Но откуда?! По всей Тверди нави если встречаются, то в самых глухих болотах, враждуют с чащобниками, и уже полвека никто не слышал, чтобы они трогали людей. Даже самые дремучие племена, не платящие дани, забывают про них. И вдруг – в самом Дивном!
Лукавит Скорит. Или просто не знает всего. Враг собрал навей и прочую страхолюдную братию задолго до сегодняшнего дня.
– Ах так? – рыкнул упырь. – Вот ты, значит, как? Ну ладно же… Я ухожу! Посмотрим, что скажет Наум о твоей неблагодарности – если, конечно, он выживет под твоей, с позволения сказать, «защитой».
Впрочем, даже после этих слов он весьма неспешно развернулся к окну. Ученик чародея собирался еще раз сказать «прощай», но в этот миг внизу зазвенели стекла, а двери загудели от страшных ударов.
Началось!
– Невдогад! – Времени на разговоры не оставалось, Упрям только махнул в сторону перил, ограждающих вход в чаровальню, чтобы напомнить юному соратнику о его обязанностях. А сам натянул заготовленную кольчугу, подхватил на руку щит и метнулся вниз по ступеням. На среднем жилье у него было подготовлено место – пустой ларь, приставленный к перилам. Отсюда он, притаившись, мог видеть и проход между помещениями, и часть нижнего жилья под всходом.

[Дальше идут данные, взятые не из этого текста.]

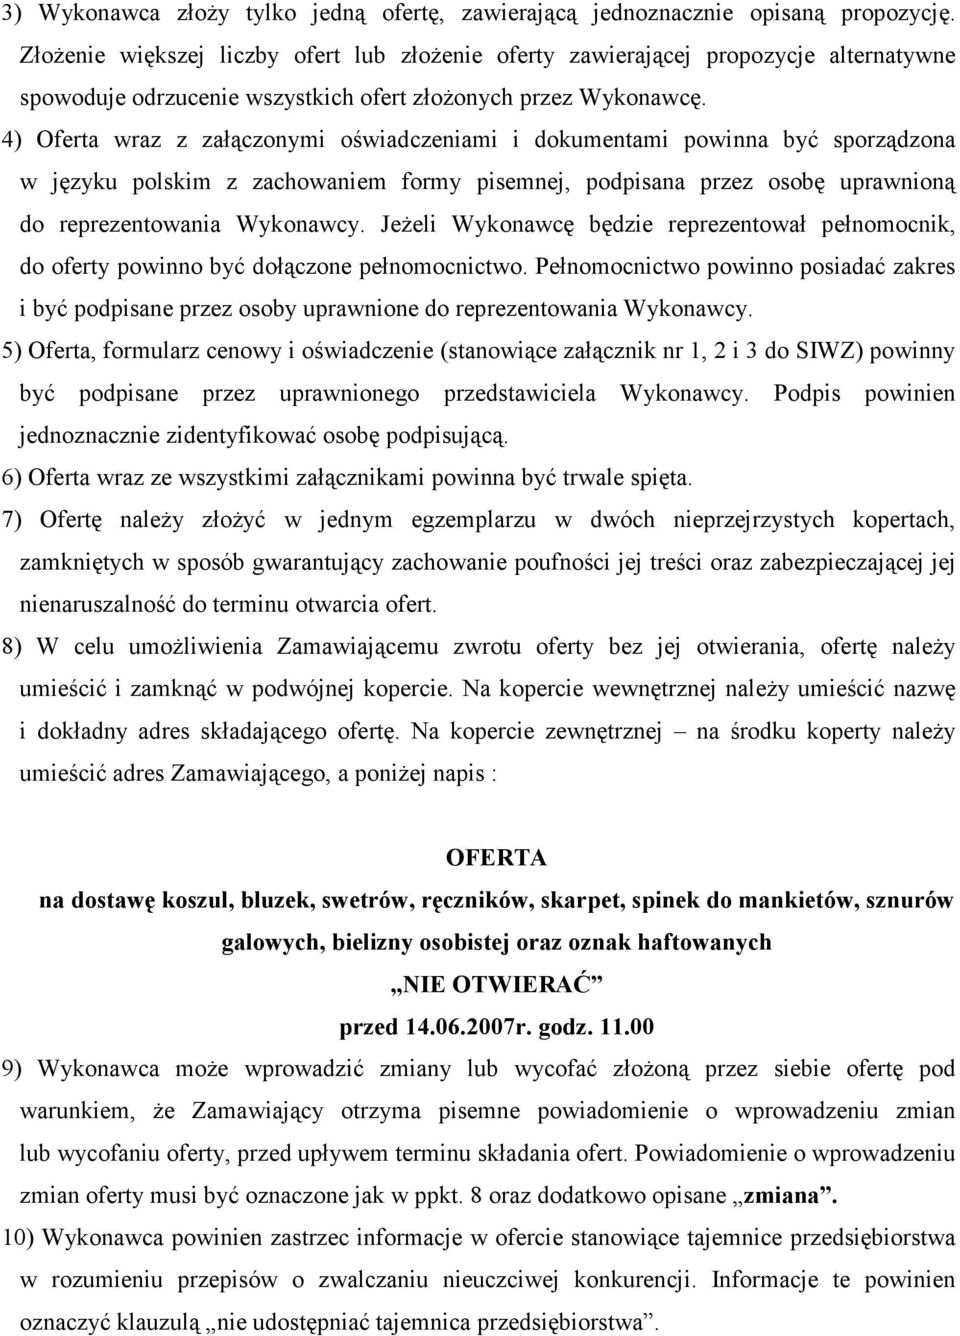 4) Oferta wraz z załączonymi oświadczeniami i dokumentami powinna być sporządzona w języku polskim z zachowaniem formy pisemnej, podpisana przez osobę uprawnioną do reprezentowania Wykonawcy.

Башня наполнилась звоном, треском, лязгом, криками и грохотом. Стекла – надо было их повынимать, недешевые ведь, но поди все упомни, да и не успели бы. Ну чем они там трещат? Что раскалывают, что ломают? Видно же – никого нет, ну и двигай дальше!..
Что там быстрое, серое промелькнуло внизу, Упрям не разглядел, но тут из читальни вырвались сразу трое навей, забравшихся туда через окно.
Приземистые, ширококостные, неказистые, хотя довольно сильные и ловкие, они с равным успехом могли бы объявить себя родней и людям, и крысам (хотя вернее было бы сказать – в равной степени безуспешно, ибо ни одна земная тварь не была близка к ним в достаточной мере, чтобы по-настоящему опозориться прозванием родича нави, но вместе с тем при желании в них нетрудно было найти черты многих родов – как живых, так и нежити). В скупом свете, падающем из чаровальни, можно было разглядеть, что кожа у них бугристая, отдаленно напоминающая кожу леших, но больше сходная с гниющим болотным валежником. А запах от них исходил…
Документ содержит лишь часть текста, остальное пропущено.